Economists describe this situation as a hub-and-spokes relationship: each Southern country is like a spoke in the wheel, at the centre of which lies the North-dominated centre. This is a fundamentally unequal or asymmetrical relationship.
The G5 also countries differ a great deal in the composition of their economies, and their strengths and weaknesses. Their past attempts to evolve common positions on issues like debt, migration, trade, and reform of the United Nations, the World Bank and the International Monetary Fund, were not always successful.
Some of the differences became apparent at the G4 talks at Potsdam.
Comments S P Shukla, India's former chief negotiator in world trade talks: "The G4 seems like a shrunken version of the Group of 'Five Interested Parties' (including Australia), which reached partial agreements on trade issues in Geneva under the Doha Round of WTO talks three years ago."
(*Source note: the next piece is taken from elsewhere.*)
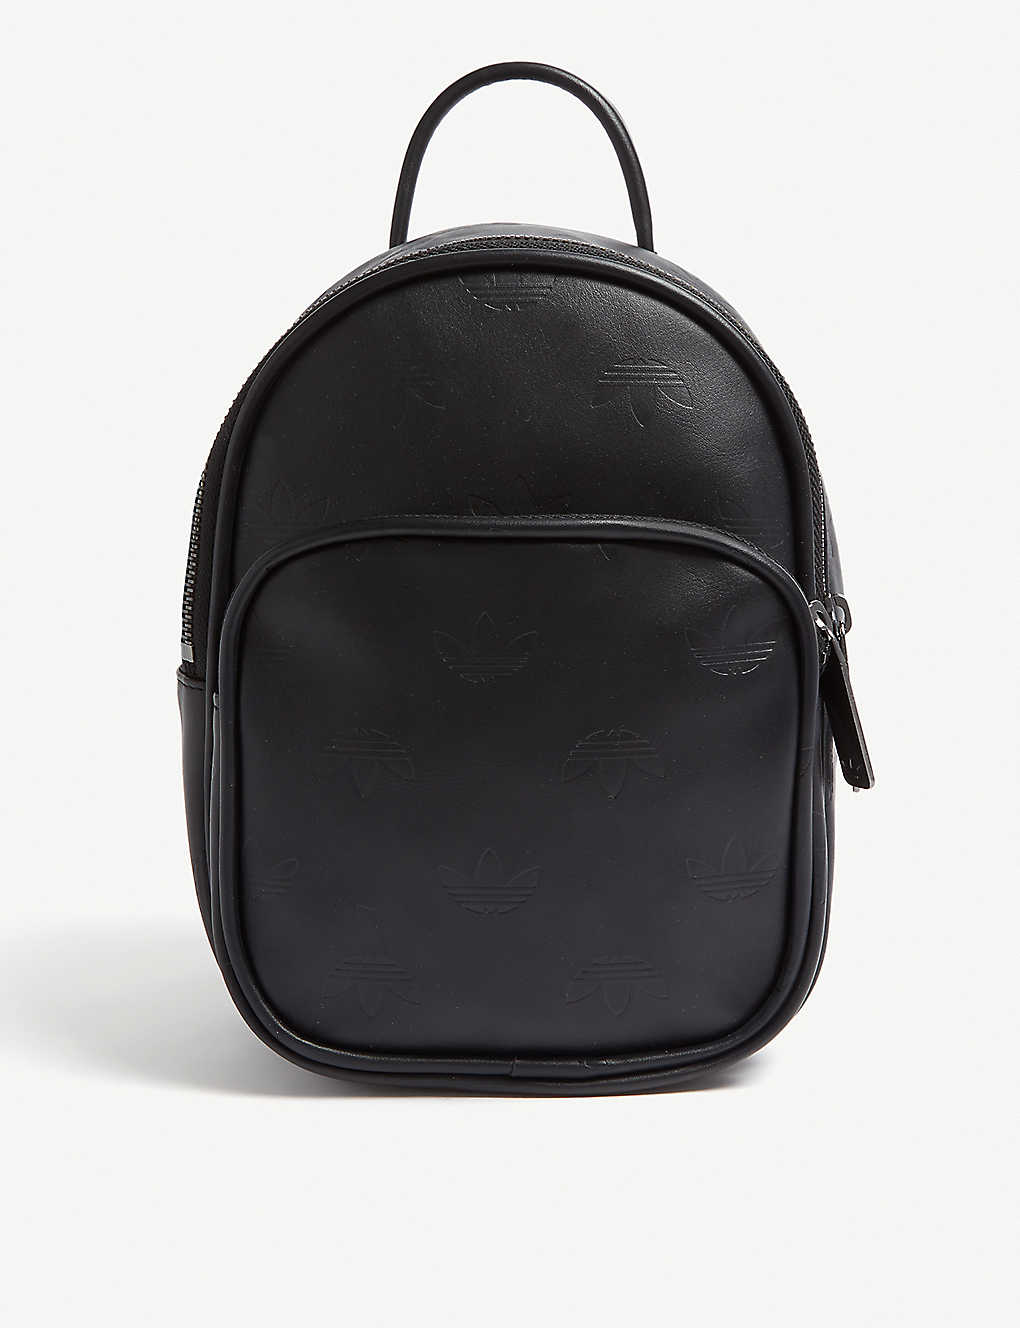 84657ec0540c ADIDAS ORIGINALS - Embossed logo mini leather backpack

The agreements, pertaining to reduction in farm subsidies by the North, on liberalised trade in services, and on the South giving Non-Agricultural Market Access (NAMA) to Northern industrial goods, attracted criticism, especially from smaller Southern countries and the least developed economies.
"These countries have little to export and much to lose from agreeing to NAMA, which can wipe out their economies", says Shukla.
The Potsdam G4 talks failed to produce clarity on whether the Doha Round of trade negotiations is likely to be concluded after faltering several times.
Many Southern countries would be happy to see no agreement rather than one involving a bad compromise. But the United States and the EU are pushing for a deal. In return for token reductions in farm subsidies, they demand major cuts in duties on manufactured goods.
Some Southern governments have expressed their reservations about future G4 talks. Prominent among them was Venezuela, which said it would work with developing countries on a statement expressing objections to such "private talks".
"We are concerned that they might agree on a deal among themselves", Venezuela's Ambassador Oscar Carvallo said. "The issues of developing countries need to be addressed. Not just the interests of a few members."
Similarly, an international union of small farmers, La Via Campesina, has described the G4 as an "illegitimate" forum.
If an anti-G4 campaign builds up, India will find itself in an unenviable situation. But there are few signs that it will move toward harmonising its relations with the rest of the global South and stop vacillating.